Mild Cognitive Impairment, Alzheimer's Diagnoses Trigger Lower Self-Ratings of Quality of Life
PHILADELPHIA -- August 3, 2017 -- Researchers at Penn Medicine have discovered that a patient's awareness of a diagnosis of cognitive impairment may diminish their self-assessment of quality of life. In a study published this month in the Journal of Gerontology: Psychological Sciences the researchers report that older adults who were aware of their diagnosis--either Mild Cognitive Impairment or mild stage Alzheimer's disease dementia -- reported greater depression, higher stress, and lower quality of life than those who were unaware. They also found that older adults who had an expectation that their disease would worsen over time reported lower overall satisfaction with daily life.
"These findings suggest that a patient's quality of life could be impacted by a diagnostic label and their expectations for the prognosis. So, when a clinician discloses the diagnosis and prognosis of Mild Cognitive Impairment or mild stage Alzheimer's disease, a patient may experience additional symptoms, like anxiety or depression," said the study's lead author, Shana Stites, PsyD, MA, MS, Penn Memory Center, Philadelphia, Pennsylvania.
For many years, a diagnosis of Alzheimer's disease was often not made until a patient had substantial memory and cognitive problems - by which time patients themselves were often unaware of their diagnosis. Advances in awareness, as well in diagnostic methods, mean doctors are diagnosing Alzheimer's disease earlier, and in the future, routine diagnosis may occur before symptoms even begin. According to Dr. Stites, early diagnosis holds the promise for opportunities to prevent cognitive and functional losses and to plan for these losses. But study results show that an early diagnosis of Alzheimer's disease can also bring challenges.
The researchers studied how awareness of diagnosis impacts on self-ratings of quality of life in people with 1 of 2 disorders, Mild Cognitive Impairment or mild stage Alzheimer's disease dementia. They compared these ratings to a group of adults above the age of 65 with normal cognition. Study participants completed measures of multiple domains of quality of life including cognitive problems, activities of daily living, physical functioning, mental wellbeing, and perceptions of one's daily life. The researchers compared the measure of quality of life by cognitive performance, diagnosis awareness, and diagnostic group.

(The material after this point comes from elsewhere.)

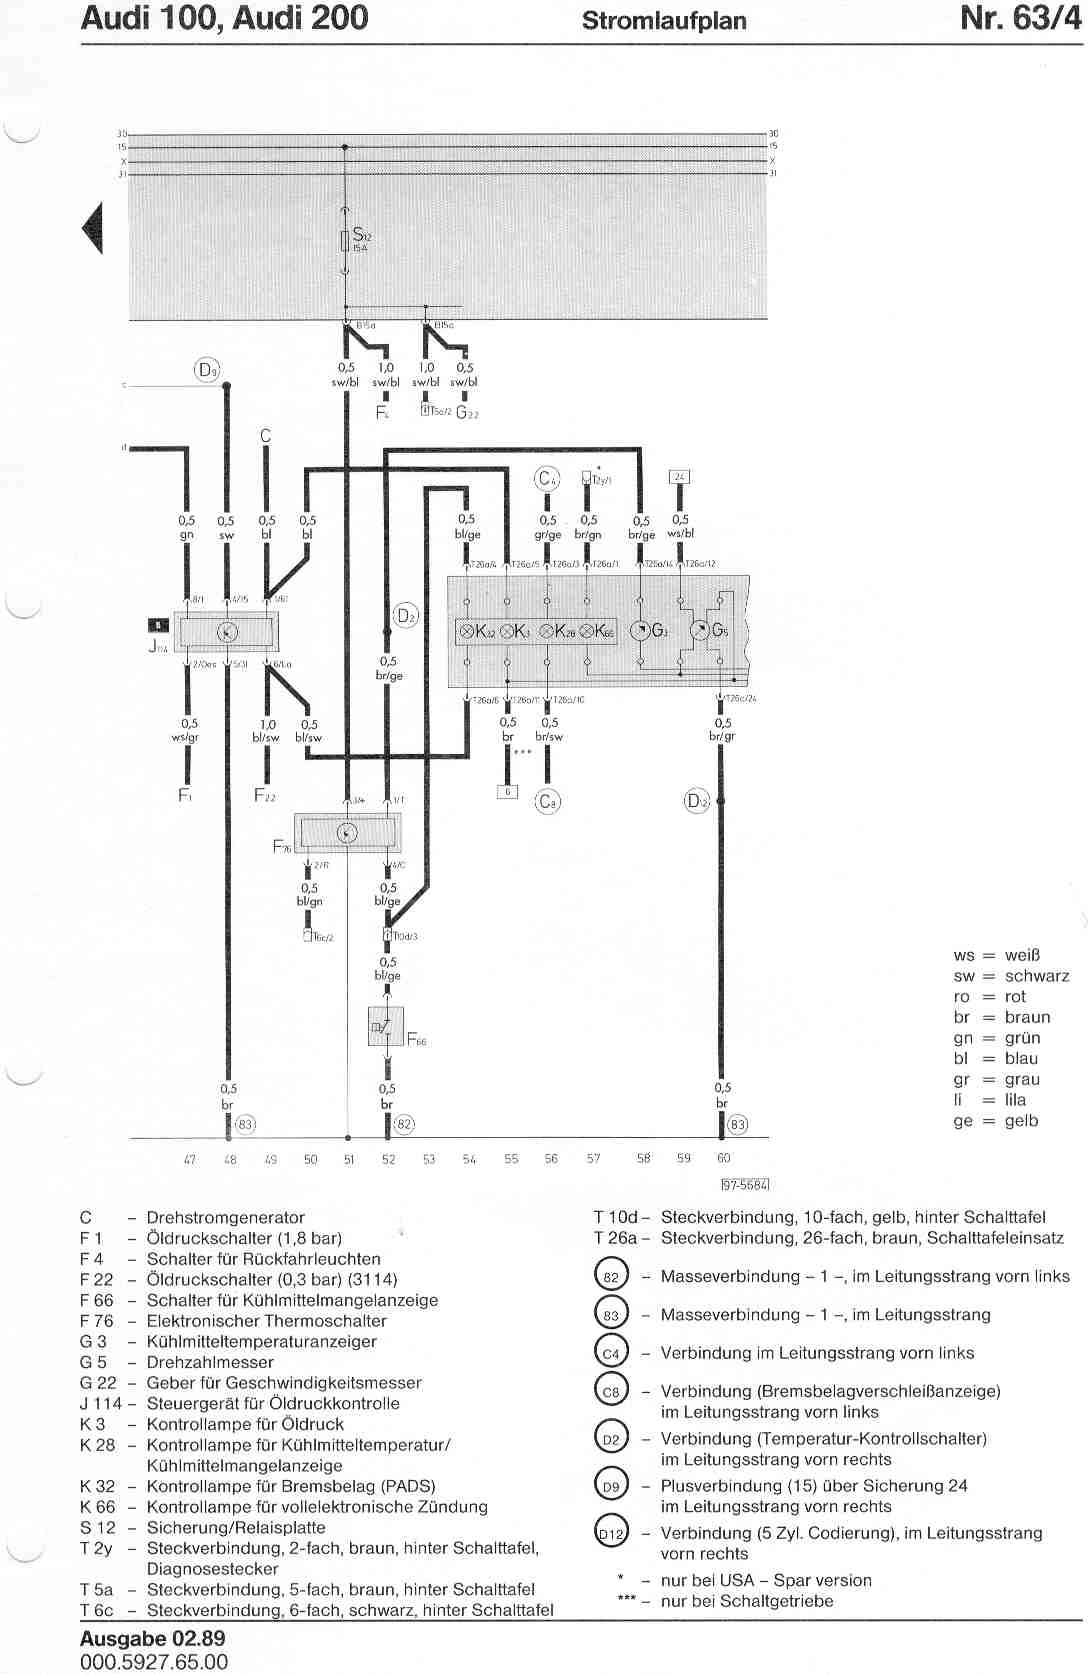 hight resolution of 63 nf engine 100kw 5 cylinder keiii jetronik with knock sensor
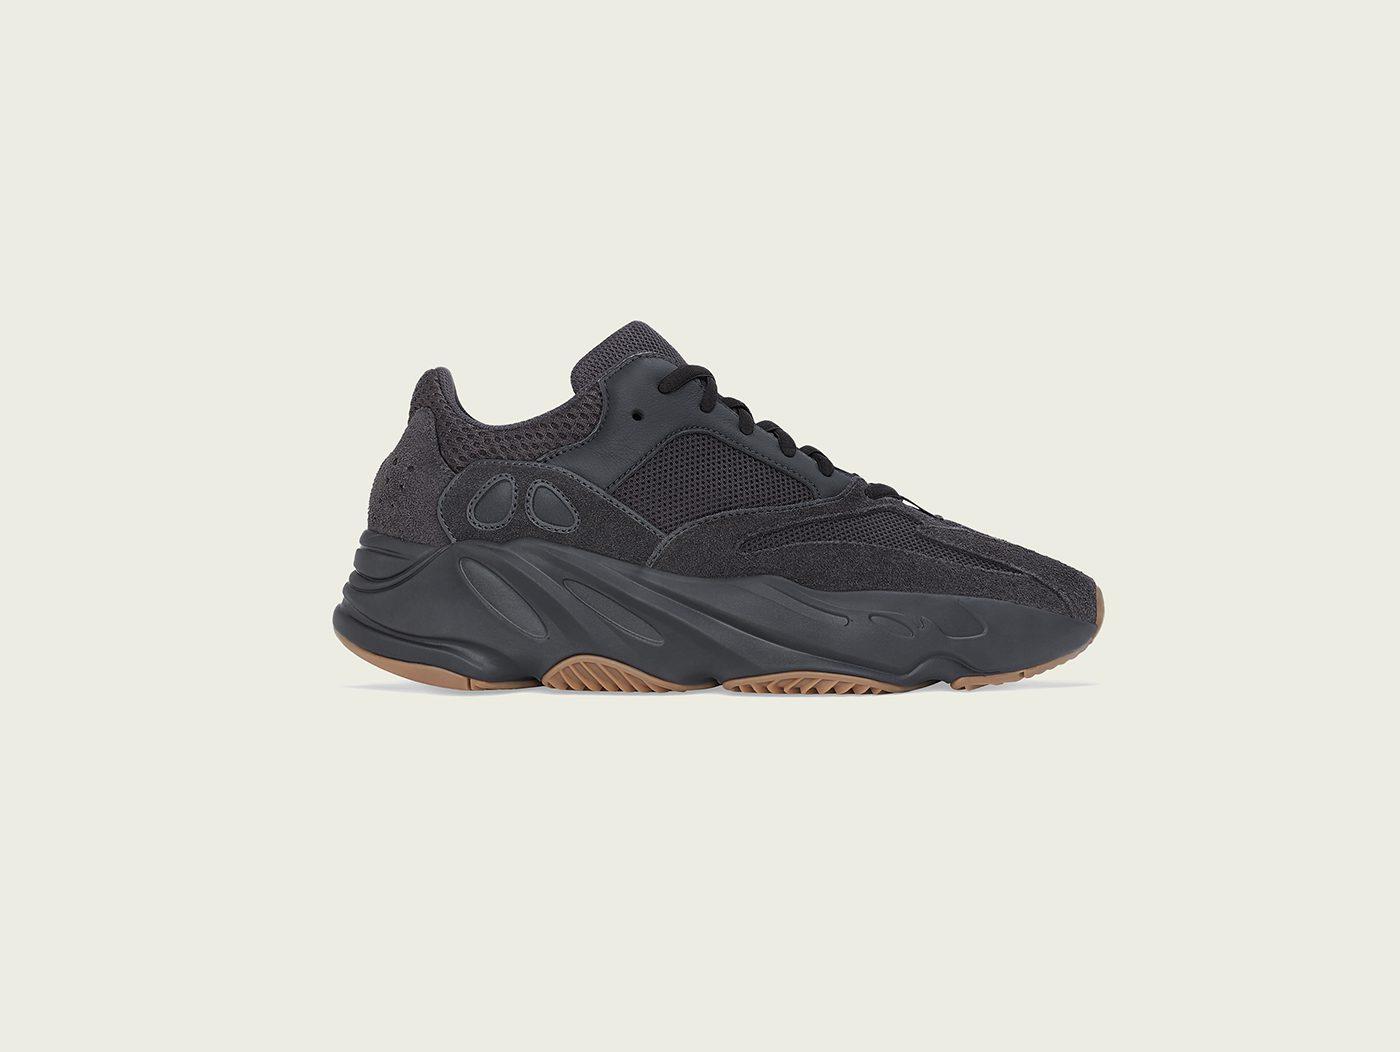 adidas Originals YEEZY BOOST 700 UTILITY BLACK

The findings help to identify psychological processes underlying relationships between cognitive decline and quality of life. According to Dr. Stites, the study has practical implications for current and future clinical practice.
"It's not just an issue of to tell or not to tell, it's an issue of how you tell and what you tell because when you give someone a diagnosis you're also communicating, either directly or indirectly, a lot of information that can affect the activities people do in daily life, their planning for employment and lifestyle, emotional wellbeing, and social relationships with close friends and family members. These issues need to be explicitly addressed with patients," Dr. Stites said. "Maybe at this point we can't prevent cognitive decline, but we certainly have effective interventions for treating depression and for managing other symptoms."
The researchers note that further study is needed to understand what drives the impact of awareness of diagnosis and prognosis on quality of life. Future studies might include pre-clinical research that is being done in Alzheimer's disease, where clinicians are working to diagnose people who are at risk of developing the disease based on genes and biomarkers to determine how diagnosis awareness might affect an individual's sense of identity and functioning in the world if they learn that they have a high probability of developing Alzheimer's disease in the future.